1

Эми

— Пусть мама пойдет первой, — сказал папа.

Мама хотела, чтобы первой была я. Наверное, она боялась, что, когда их закроют в контейнерах и заморозят, я просто уйду и продолжу жить как жила, вместо того чтобы покорно улечься в такой же холодный прозрачный ящик. Но папа настаивал.

— Нужно, чтобы Эми знала, как все будет. Ты иди первая, пусть она посмотрит. Я побуду с ней, пока все не закончится, и пойду последним.

— Сам иди первый, — слабо возразила мама. А я пойду в конце.

Вся проблема была в том, что нужно было раздеваться, а они оба не хотели, чтобы я видела их голыми (в общем-то и меня эта перспектива не радовала), но если уж выбирать, то пусть лучше это будет мама — в конце концов, мы с ней устроены одинаково и вообще.

Голая она казалась очень худой. Ключицы выступали еще сильнее, а кожа уже начала потихоньку становиться похожей на тонкую, влажную рисовую бумагу — такая кожа бывает у стариков. Обвисший, покрытый морщинками живот — раньше он всегда был скрыт под одеждой — придавал ей еще более слабый и беззащитный вид.

Работников лаборатории, казалось, совсем не волновала ни мамина нагота, ни наше с отцом присутствие.

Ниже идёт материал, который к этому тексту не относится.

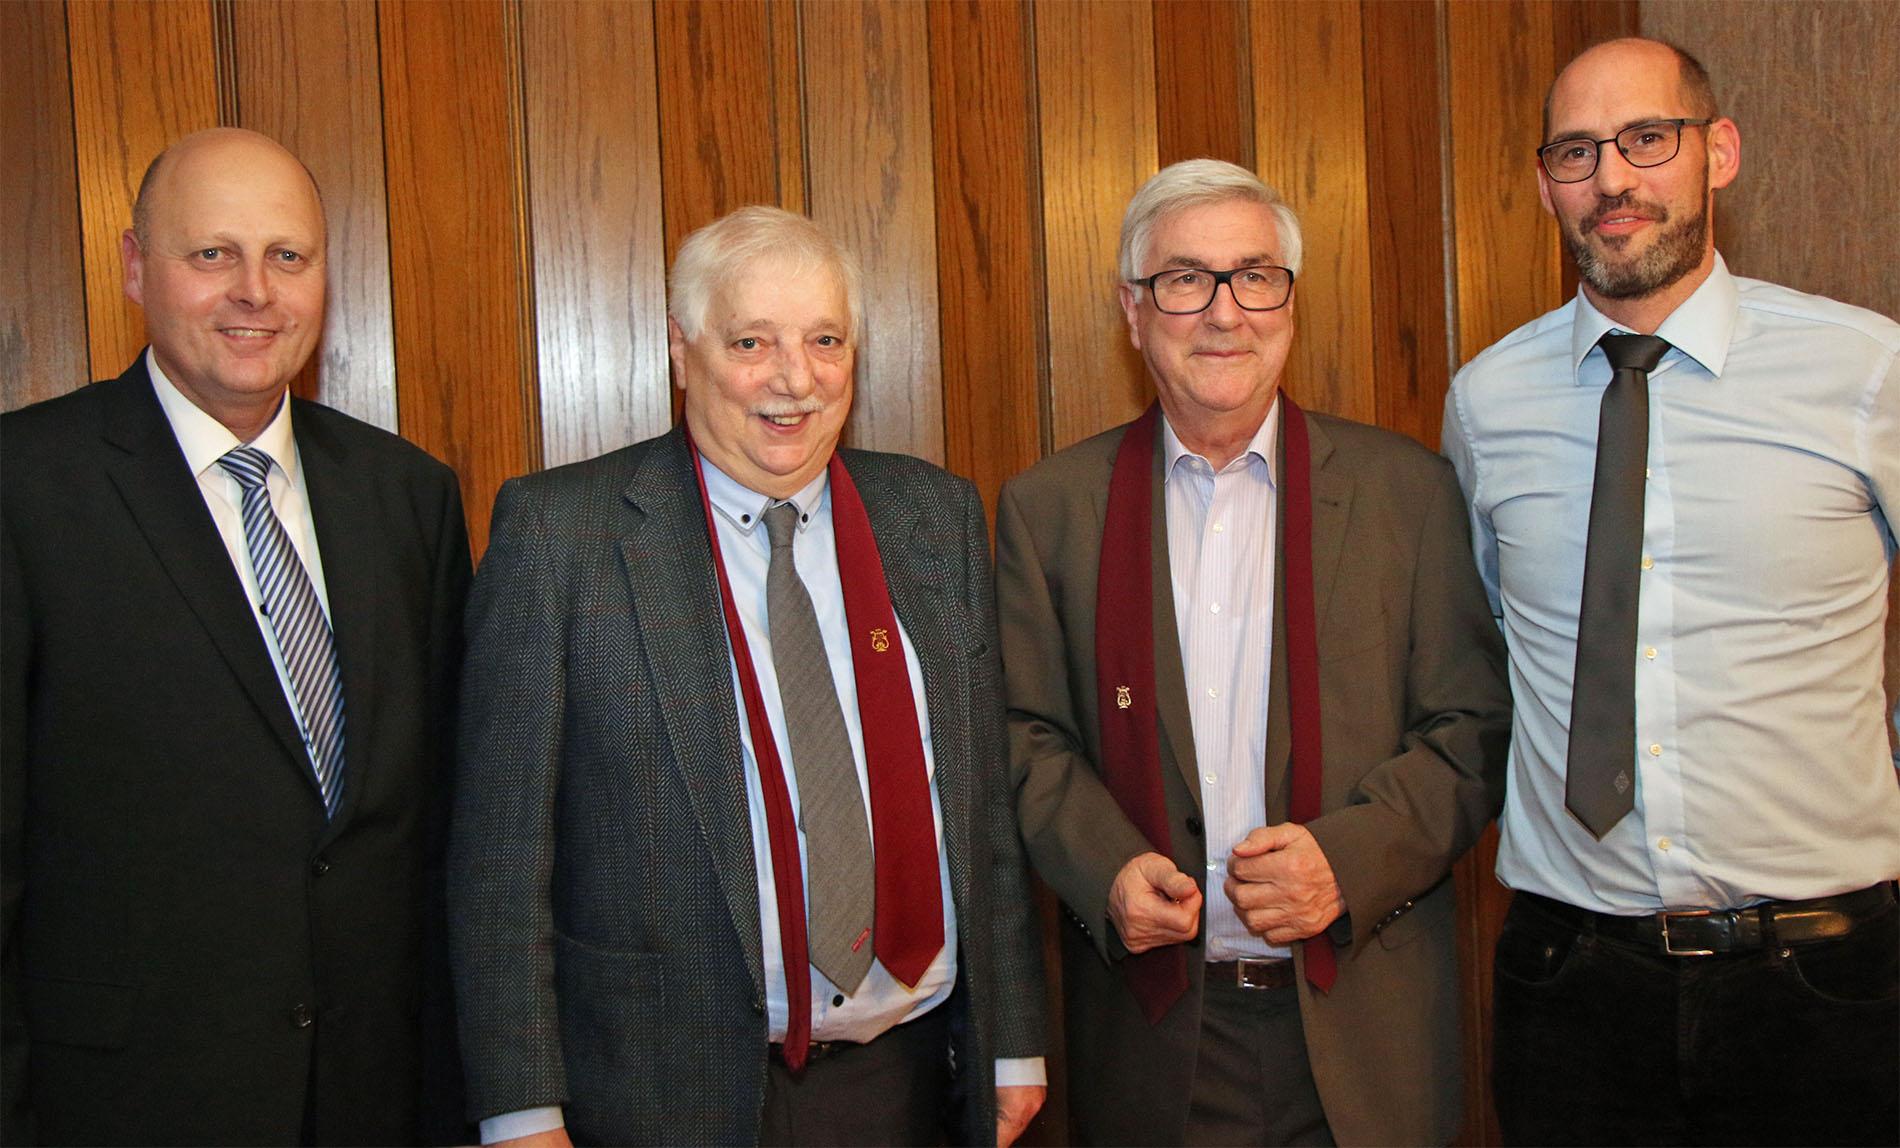 Herbert Jobs (1. Tenor) und Willi Demond (2. Bass) aus der Kolpingstadt Kerpen fanden den Weg zu den Königshovener Chorproben und freuten sich somit auch, beim ersten Weihnachtssingen im Vereinslokal mit dabei zu sein und die Quartettverein-Insignien von MGV-Vorsitzendem Manfred Speuser zu erhalten. (Fotos: Bastian Schößer)

Они помогли ей лечь в прозрачный криоконтейнер. Он немножко напоминал гроб, вот только в гробах обычно бывают подушки, и вообще, они выглядят в сто раз уютнее. А этот контейнер куда больше походил на коробку из-под обуви.

— Холодно, — пожаловалась мама, когда ее бледная кожа коснулась дна контейнера.

— Вы не будете чувствовать, — пробормотал один из лаборантов, Эд, судя по бейджику.

Когда второй лаборант, Хасан, начал втыкать маме в руки иглы для внутривенной инъекции, я отвела взгляд. Одна трубка шла от левой руки, от сгиба локтя, вторая — от правой ладони, из крупной вены под костяшками пальцев.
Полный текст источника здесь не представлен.